In the material below, find the line with "Textura de madera" and the line with "Der britische Bildhauer", then output both and every line between them exactly, omitting pictures.

Data for processing:
+ + + +

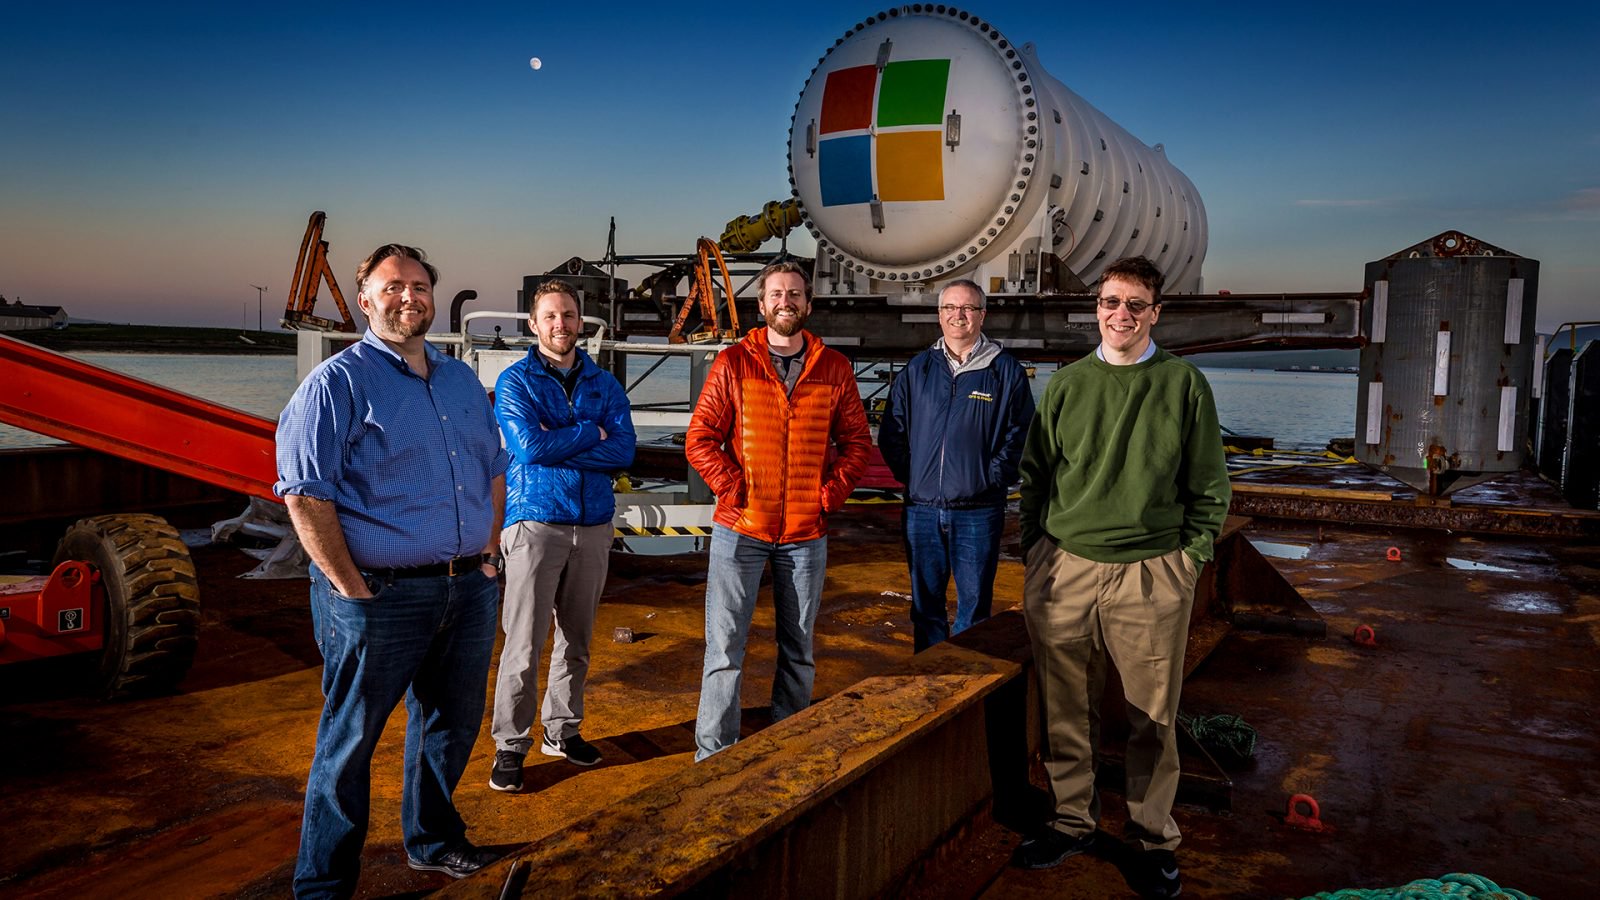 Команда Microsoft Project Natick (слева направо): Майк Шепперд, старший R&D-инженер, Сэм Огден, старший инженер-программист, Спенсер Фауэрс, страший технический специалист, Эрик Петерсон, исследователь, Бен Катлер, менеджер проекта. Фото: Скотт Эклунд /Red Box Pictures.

+ + + +

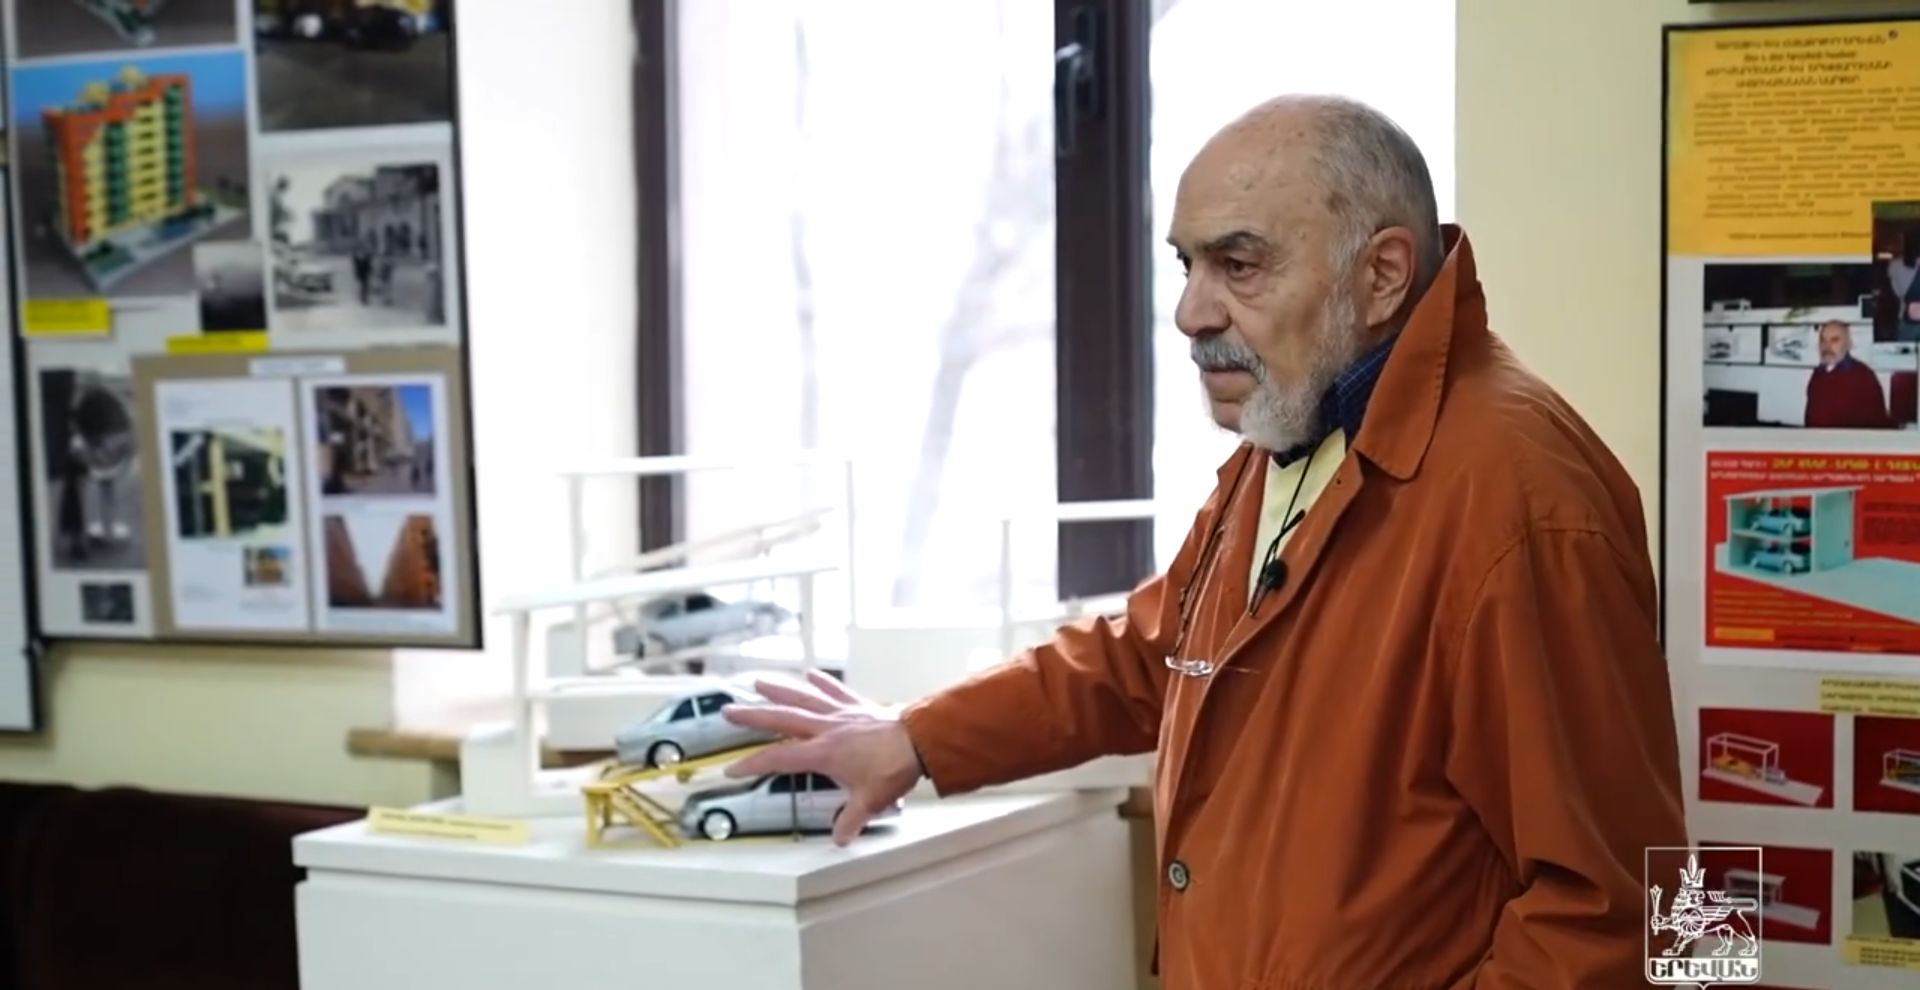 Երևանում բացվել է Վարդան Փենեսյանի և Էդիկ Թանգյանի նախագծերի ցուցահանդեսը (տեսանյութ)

+ + + +

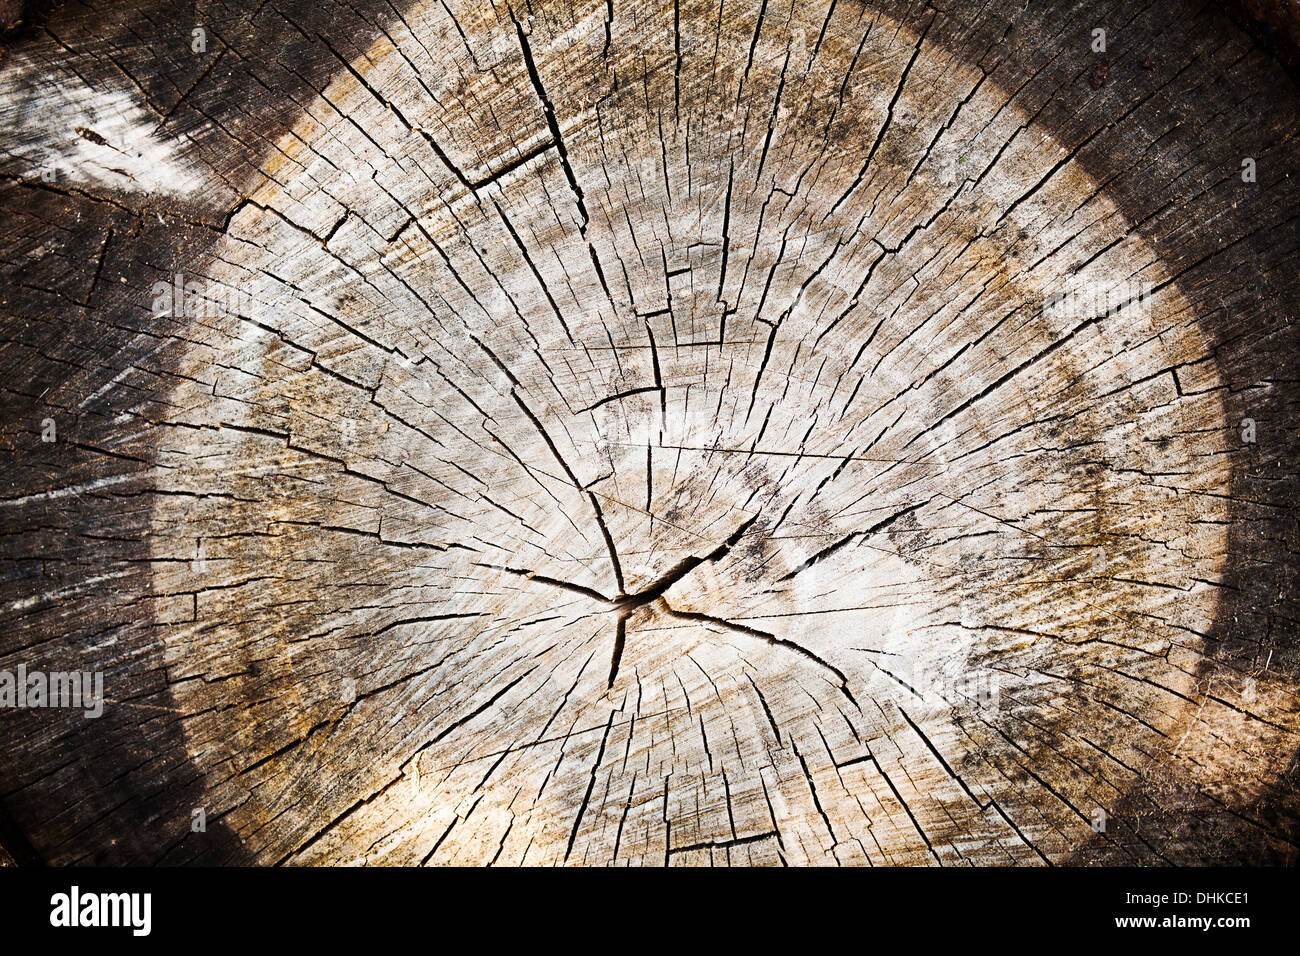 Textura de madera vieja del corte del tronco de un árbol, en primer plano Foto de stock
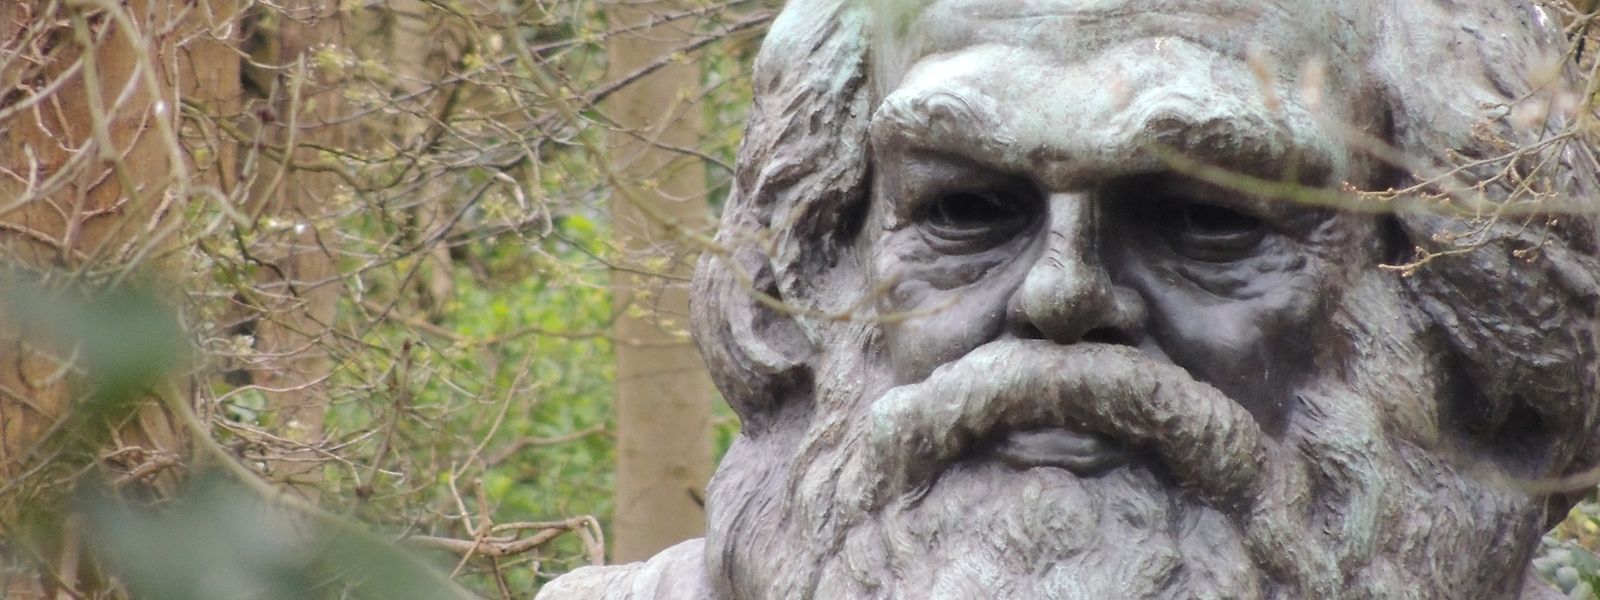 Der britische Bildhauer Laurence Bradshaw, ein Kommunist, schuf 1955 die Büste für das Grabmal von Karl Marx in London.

+ + + +

Output below:
 Textura de madera vieja del corte del tronco de un árbol, en primer plano Foto de stock
 Der britische Bildhauer Laurence Bradshaw, ein Kommunist, schuf 1955 die Büste für das Grabmal von Karl Marx in London.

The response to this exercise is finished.